Sam Walton’s approach to Wal-Mart’s customers was similar, according to Robert E. Mittelstaedt, Jr. The goal of making a wide range of products available to average people at the lowest possible price enabled him to take the retail company from a single store to a megacorp that is now ranked No. 1 on the Fortune 500. “Walton’s legacy is that a single person can make a huge difference in an industry. It doesn’t happen overnight, especially in an industry like retail, but it can happen over a period of years. Walton believed in delivering great value at low prices to his customers.”
Welch’s leadership, in contrast, delivered great value to GE’s shareholders. One measure, according to Useem, is that Welch took GE from being a “$13 billion company in 1981 to a $550 billion company in 2001 in terms of market capitalization.” GE’s stock price saw a 40-fold increase during Welch’s tenure, consistently outpacing the S&P 500. But Welch’s greatest strength, says Useem, was spotting and nurturing other leaders. “Welch has written the textbook on leadership. He has often said that he doesn’t know how to make jet engines or produce Tuesday night television shows at NBC, the GE subsidiary. But he does know how to pick people with leadership potential, give them the resources to meet their goals, and get rid of them if they cannot. As a result, Welch has built one of the best leadership teams anywhere.”
Mittelstaedt notes that team-building also counts among Bill Gates’s strengths as a leader. Like Grove, Gates saw the potential of the PC to transform the world, and he built Microsoft into a software powerhouse. In addition, though, he is among those rare entrepreneurs whose abilities have expanded to keep pace with the growth of his enterprise. “Very few successful people who have started as entrepreneurs have led their companies until they grew to a very big size.” In Gates’s case, says Mittelstaedt, he has had the vision to bring in people and then let them serve the company. “Gates has done this in a way that most entrepreneurs are not capable of doing.”
Each leader on the list offers similar leadership lessons. While most of them are recognizable names, a few are less well known or are simply no longer in the public eye. James Burke, for example, was J&J’s CEO when the company faced its well-known Tylenol crisis in 1982. Seven people died after taking the pain-killer, and it turned out that someone had introduced cyanide in the pills as an act of sabotage. Burke’s handling of that has become a textbook case for companies facing crises for more than two decades. Bill George, the former CEO of Medtronic, has recently written a book about Authentic Leadership drawing upon his experiences. Yunus, the founder of Grameen Bank in Bangladesh, has been a pioneer in the field of micro-finance, providing loans as small as $10 to impoverished people. His great innovation was to recognize that lending could be separated from collateral — and still be the basis for operating a sound financing business. Micro-lending programs modeled after Grameen’s have now spread to more than 100 countries.

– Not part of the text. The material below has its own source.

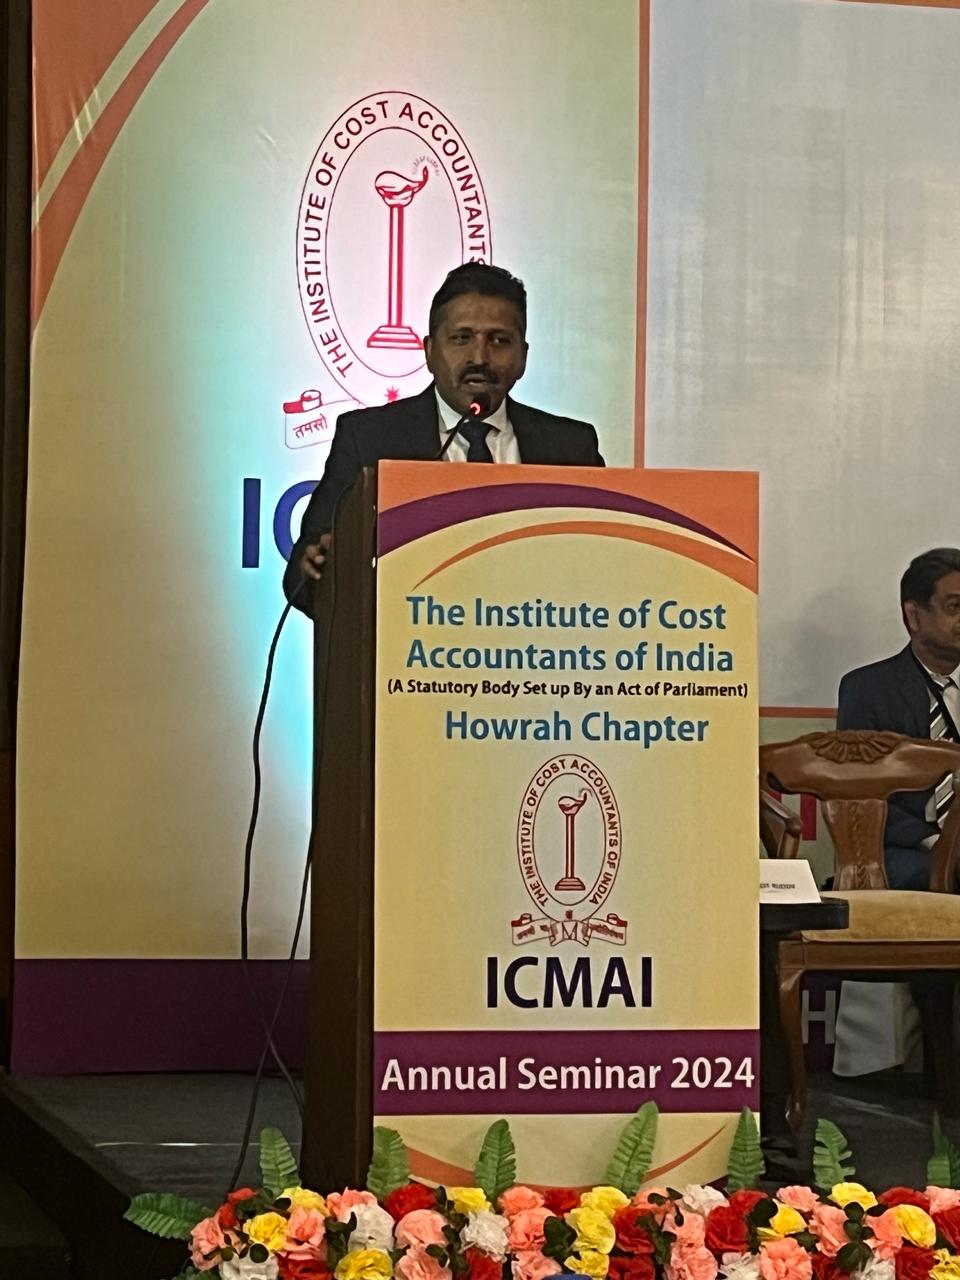 CMD GRSE as Chief Guest at Annual Seminar of ICMAI, Howrah Chapter on 27 Jan 24

If there is one trait that each of these leaders shares, it is tenacity. Unlike so-called serial entrepreneurs who cash out of their companies after a few years and move on to their next venture, these leaders have had a long-term vision. They have been willing to ride out the lows with the highs. This willingness to slog it out and stay in the game for the long haul has been reflected as much in the success of their enterprises as in the endurance of their own influence as leaders. Asked why he never left Intel to start another company, Grove recently replied: “Intel is like a river. It changes every day and behind every bend there is a new start, a new challenge. I cannot think of any place where I would rather have worked.”